Life presents few mysteries to Upton Sinclair; but there are one or two problems he would like to see tidied up. One is the matter of the Christian faith, which has deceived the gullible minds of many, from St Augustine to Albert Schweitzer and Nicolas Berdyaev. The narrator (Mr Sinclair in a cellophane nosebag) meets Tom Strawn, an American young man of sub- average intelligence. Tom Strawn has met an angel, and has been given the power to perform miracles in order to reform the world. He orders a celestialpage 244 TV set; he fixes a young lady’s car – so far, an amiable Superman without tights. Soon he is making dollar bills out of air, a miracle which moves the narrator to deep religious feeling. To any rational mind it is clear that a man whose name is Tom and who has read Tom Paine must be a twentieth-century Apostle Thomas.

The tale becomes drearier as it proceeds.
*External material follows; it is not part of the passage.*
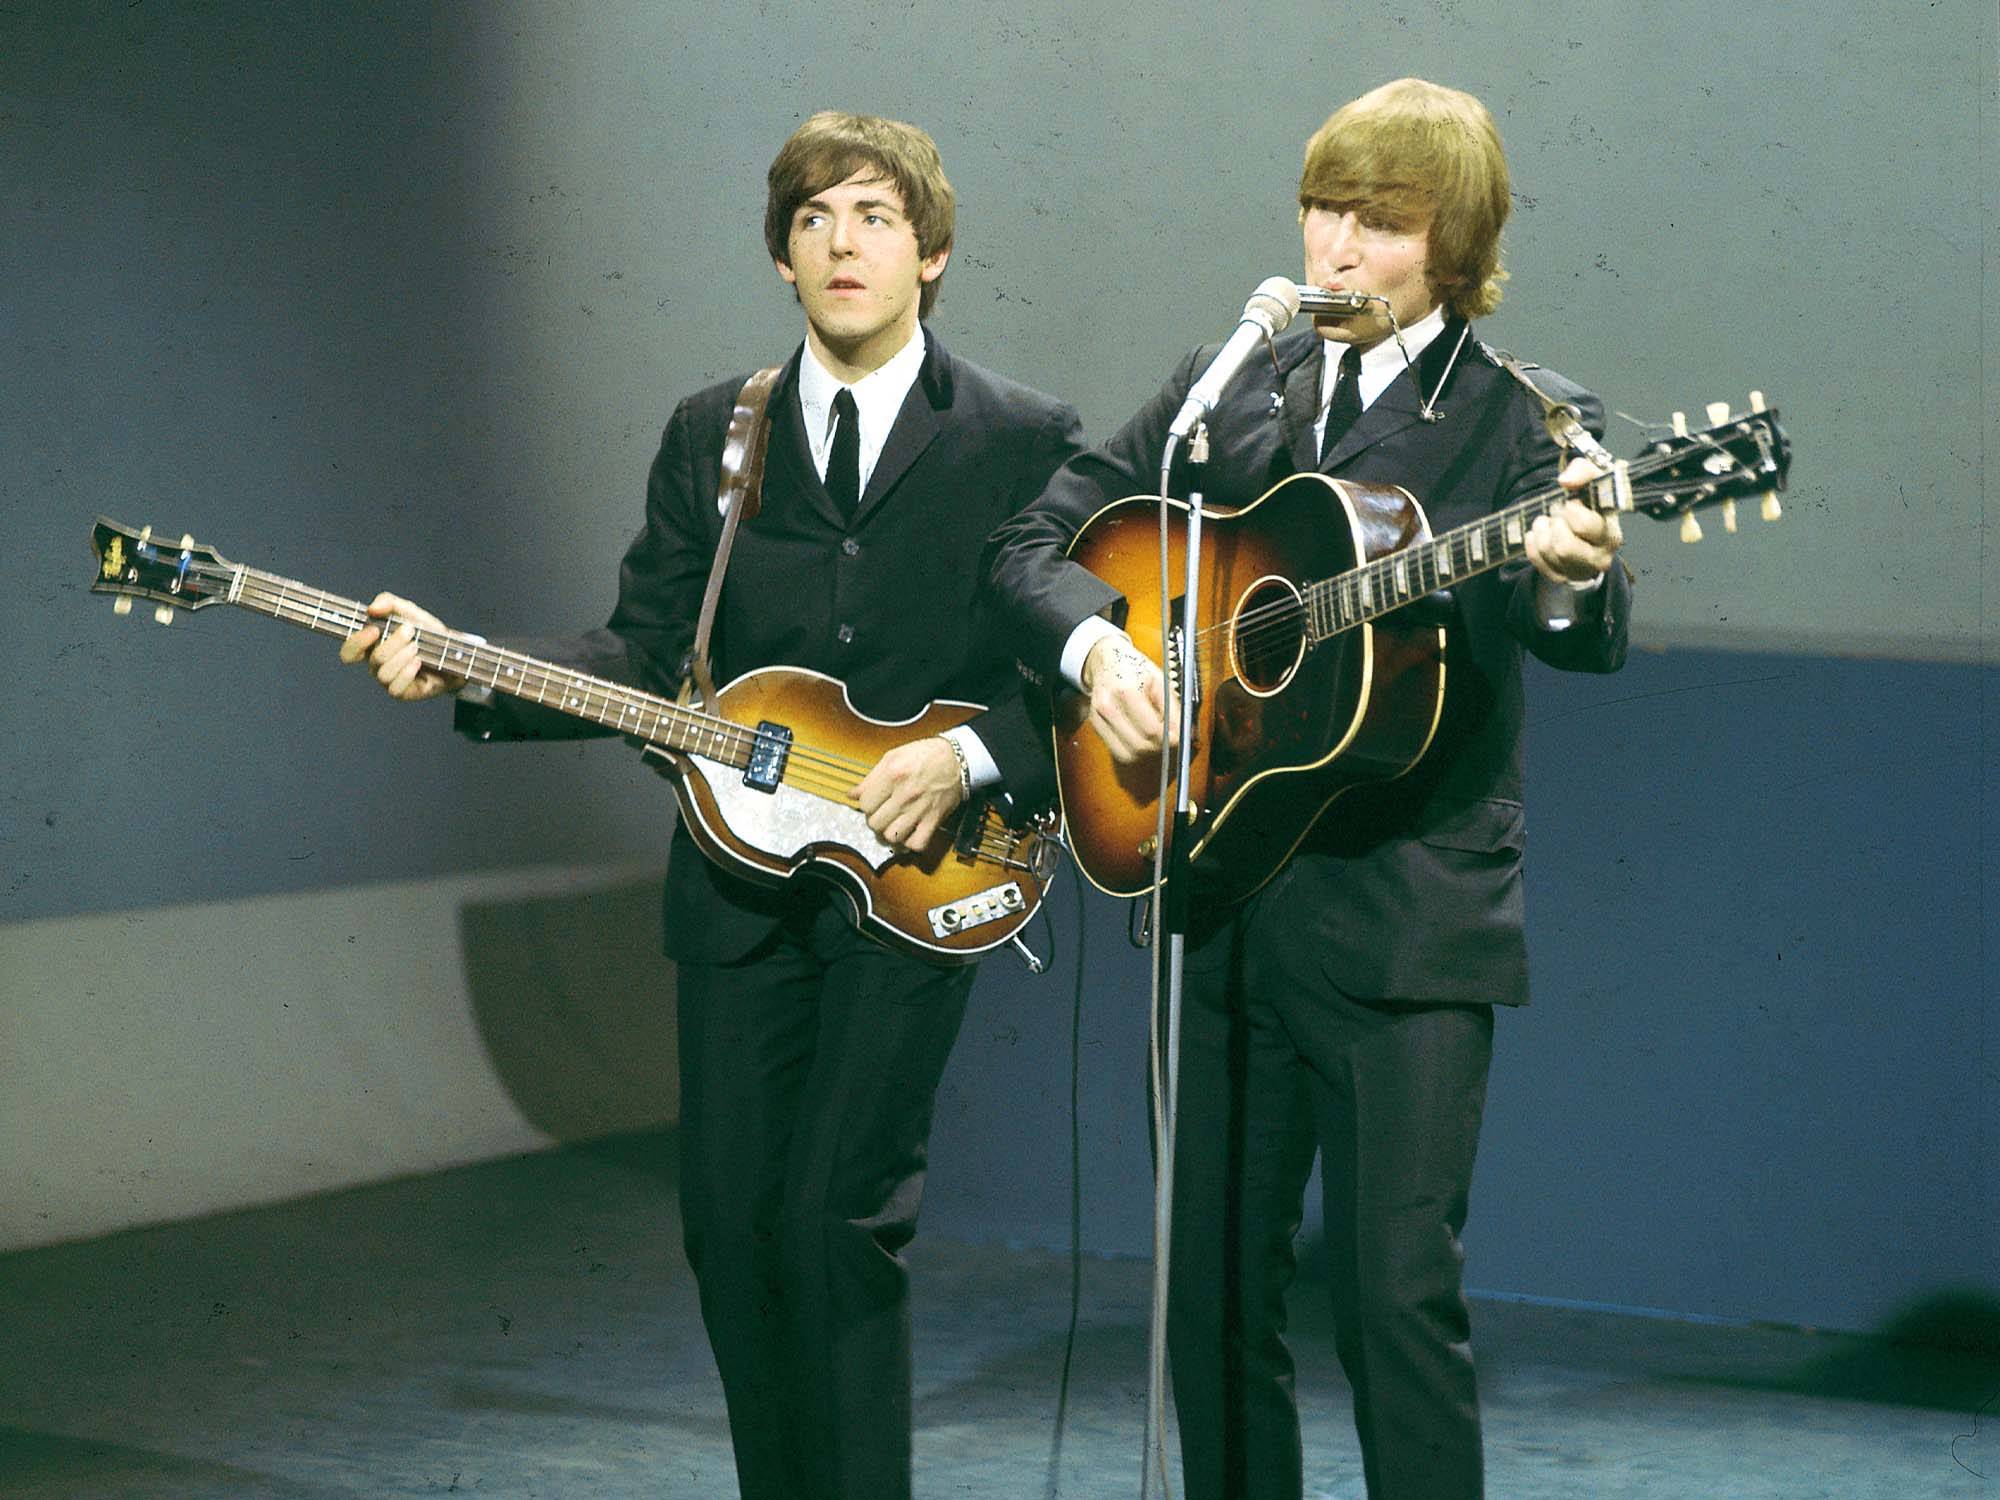 Paul-McCartney-John-Lennon-Photo-David-Redfern-Redferns@2000x1500

The new apostle creates a synthetic cult which inevitably suffers from the corruption of its officials. Miss America without makeup, chosen for her suggestibility, is made ready for miraculous pregnancy without fertilisation. But instead Tom Strawn, with the first glimmer of intelligence he has shown, marries her and breeds a child by normal means. They are admirably suited. In this dreary little tract Mr Sinclair plainly intends satirical comment on the doctrine of the Virgin Birth of Christ, and on the love and reverence given by believing Christians to His Mother, of whom the old ballad says –

I sing of a maiden
That is matchless;
King of all kings
As her son she chose.

Has Mr Sinclair discovered no more than this in a lifetime of rational humanism? A man with a bag over his head can see no stars – a pity it is such an old, dry bag, smelling of mousedirt and woodshavings and the crumbs of long-departed social enthusiasm.